A vueltas con Sony, Corea del Norte y Estados Unidos

No es que seamos amantes de las teorías conspiranoicas, pero es que nos lo ponen muy fácil. Nos referimos al reciente anuncio de Estados Unidos de aumentar las sanciones a Corea del Norte en relación con el ciberataque a Sony. Esta circunstancia supone señalar directamente al gobierno de Corea del Norte como autor material de los […]

No es que seamos amantes de las teorías conspiranoicas, pero es que nos lo ponen muy fácil. Nos referimos al reciente anuncio de Estados Unidos de aumentar las sanciones a Corea del Norte en relación con el ciberataque a Sony. Esta circunstancia supone señalar directamente al gobierno de Corea del Norte como autor material de los hechos, lo cual no es, en absoluto, trivial. Sobre todo, teniendo en cuenta que multitud de expertos (como Bruce Schneier o Brian Krebs entre otros, entre muchos otros, podríamos decir) dudan de que se pueda atribuir este ataque a Corea del Norte a pesar de las similitudes que se hayan podido detectar con herramientas presuntamente utilizadas por hackers de Corea del Norte previamente y de que nadie dude de las capacidades técnicas de Corea del Norte para llevar a cabo ciberataques. [Incluso en el caso de que se pudiera atribuir el ataque a Corea del Norte, ¿hasta qué punto se puede considerar un acto de guerra y no un “simple” acto de vandalismo como el propio Obama declaró en un principio? Podéis leer más sobre esta duda en este artículo de Chris Weigant]

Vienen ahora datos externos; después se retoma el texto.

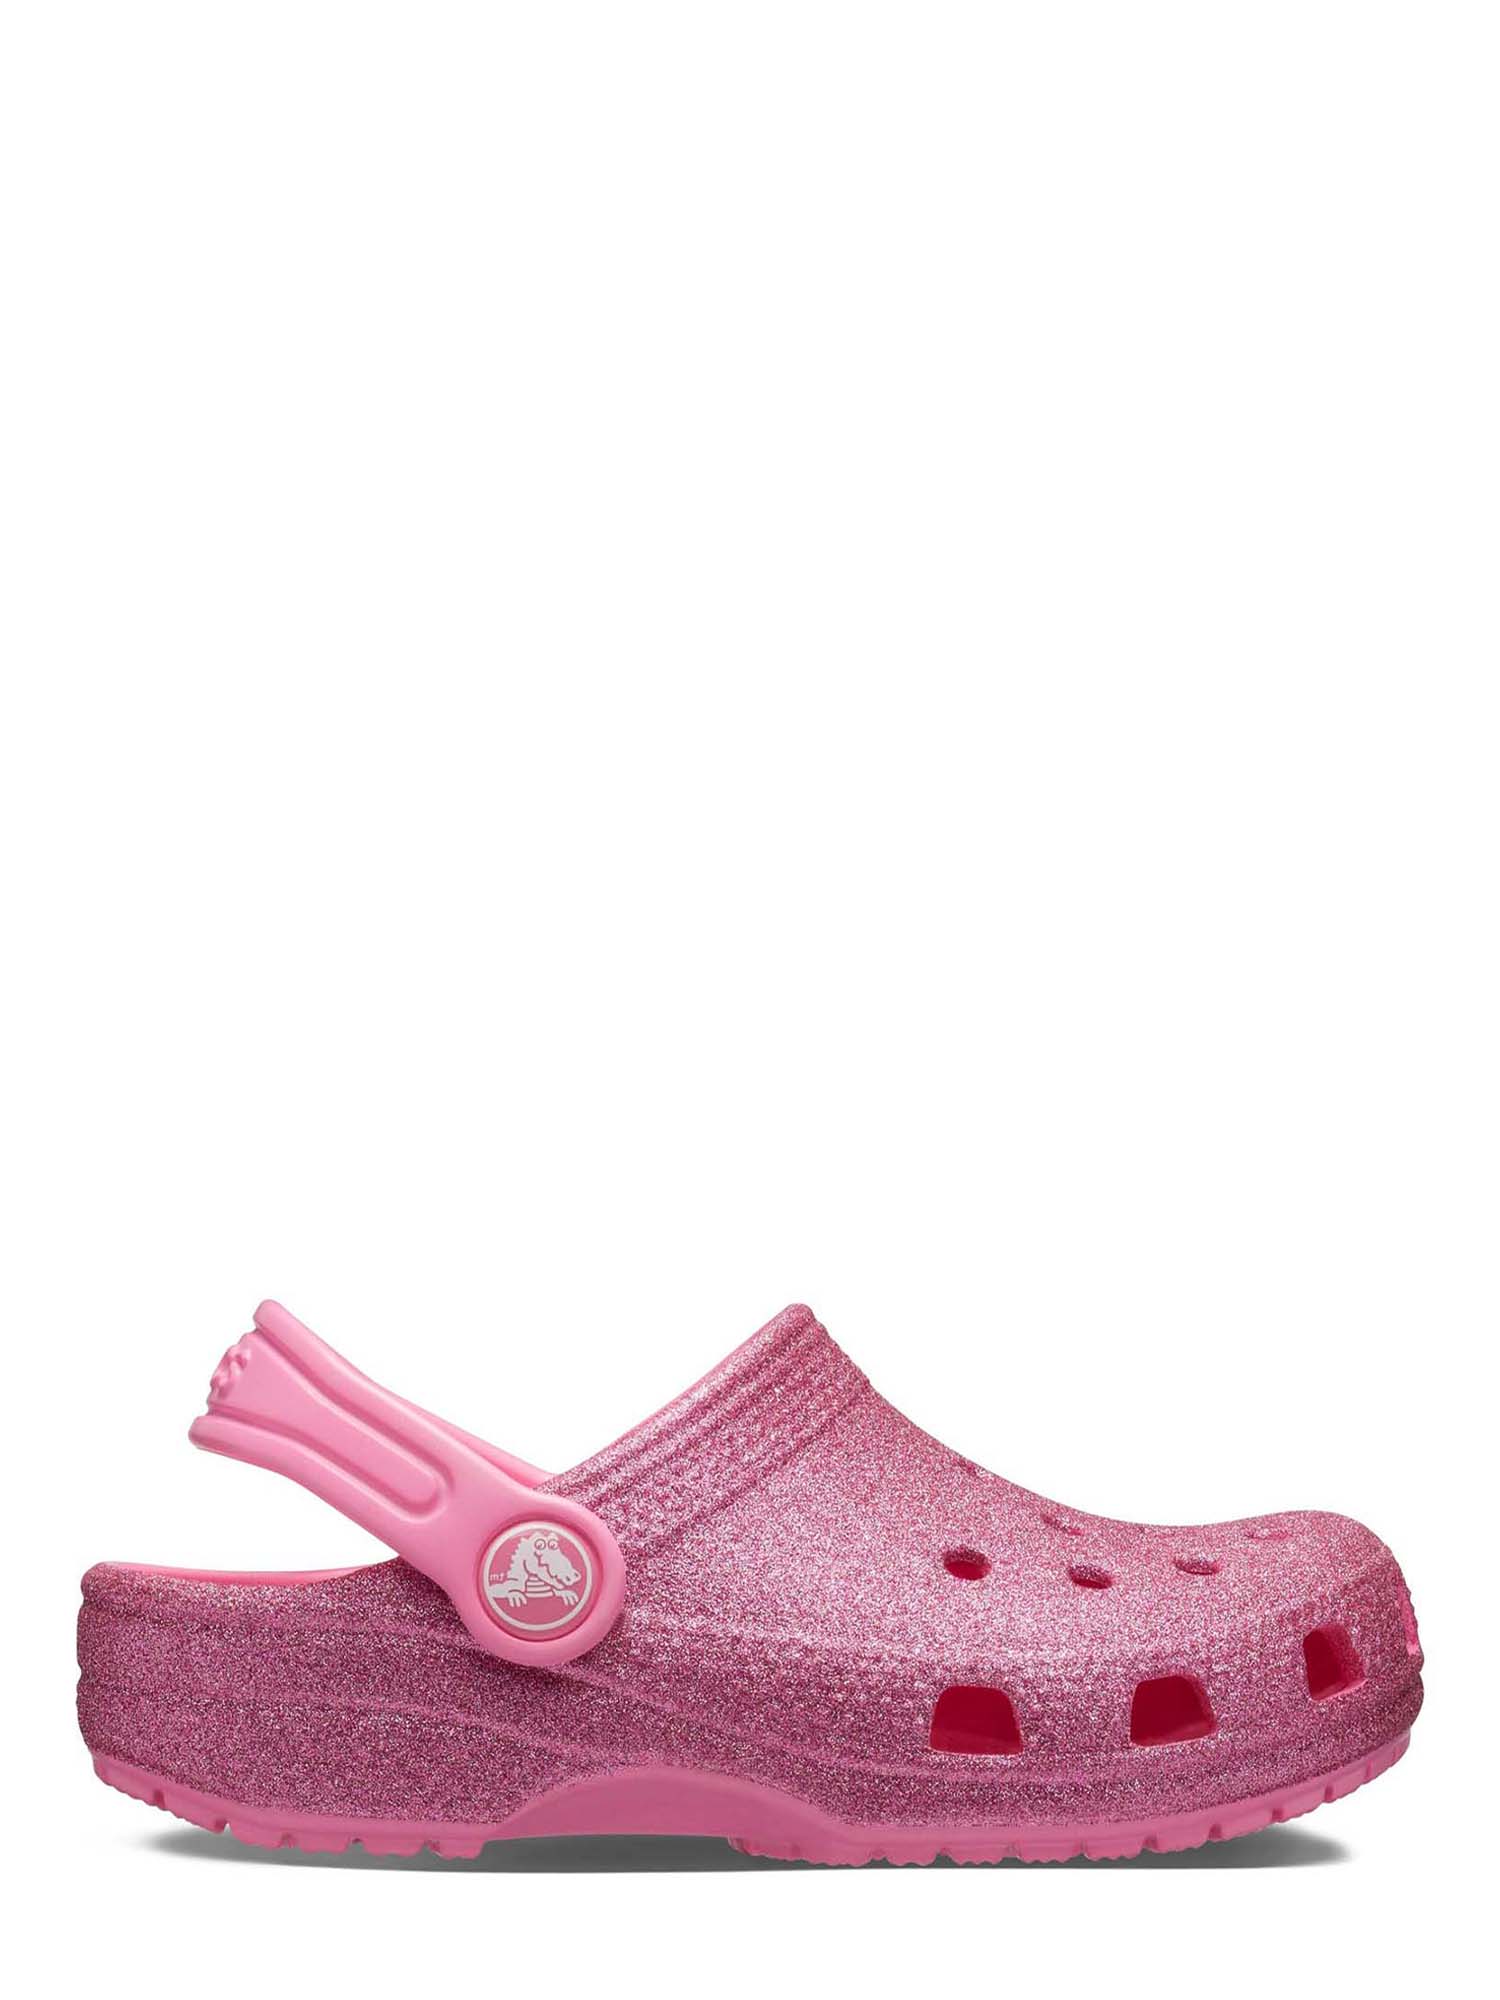 Crocs Toddler & Kids Classic Glitter Clog, Sizes 4-6 - image 2 of 4

Pero es que si analizamos las sanciones impuestas por EE.UU. nos encontramos que afectan a diez funcionarios relacionados con la venta de misiles y armas (dos son representantes en Irán y otros cinco actúan en Siria, Rusia, China y Namibia), es decir, nada que ver con el ataque a Sony y a tres entidades norcoreanas: la Oficina General de Reconocimiento (principal organización de inteligencia), la Corporación de Comercio para el Desarrollo de Minas (principal proveedor de armas y exportador de equipamiento relacionado con misiles y armas tradicionales) y la Corporación de Comercio Tangun de Corea (responsable de la compra de tecnología y equipos para soportar los programas de defensa).

Como decíamos al principio, todo este escenario hace que le salten las alarmas a cualquier persona por medianamente cabal que sea: Si a un ataque lleno de incertidumbres, le unimos unas sanciones que alcanzan a entidades que nada tienen que ver con el asunto, cualquiera podría pensar que a todos les ha venido bien señalar con el dedo a Corea del Norte: Al gobierno de Estados Unidos porque quiere enviar una señal a todos aquellos que estén pensando en (ciber)atacarles y también a su Senado para que siga aprobando dotaciones presupuestarias para mejorar sus cibercapacidades, a Sony porque le resultará más fácil defenderse en los juicios que tiene por delante y, si nos apuráis, al gobierno de Corea del Norte que “muestra su capacidad” para enfrentarse a un gigante… pero, en el fondo, no puede dejar de sonarnos a algo que ya vivimos hace algunos años en relación a la supuesta existencia de unas armas masivas en un país de Oriente Medio.

Lo que desde luego sí que es una realidad es que el ciberespacio es ya utilizado por todos los Gobiernos como un escenario más en el que realizan sus operaciones y dónde cada vez más tendremos que ser muy escépticos para no creernos todo lo que nos dicen (como dice @lawwait en su análisis de este mismo asunto), al menos, mientras no mejoren nuestras capacidades para atribuir los ataques que están sucediendo.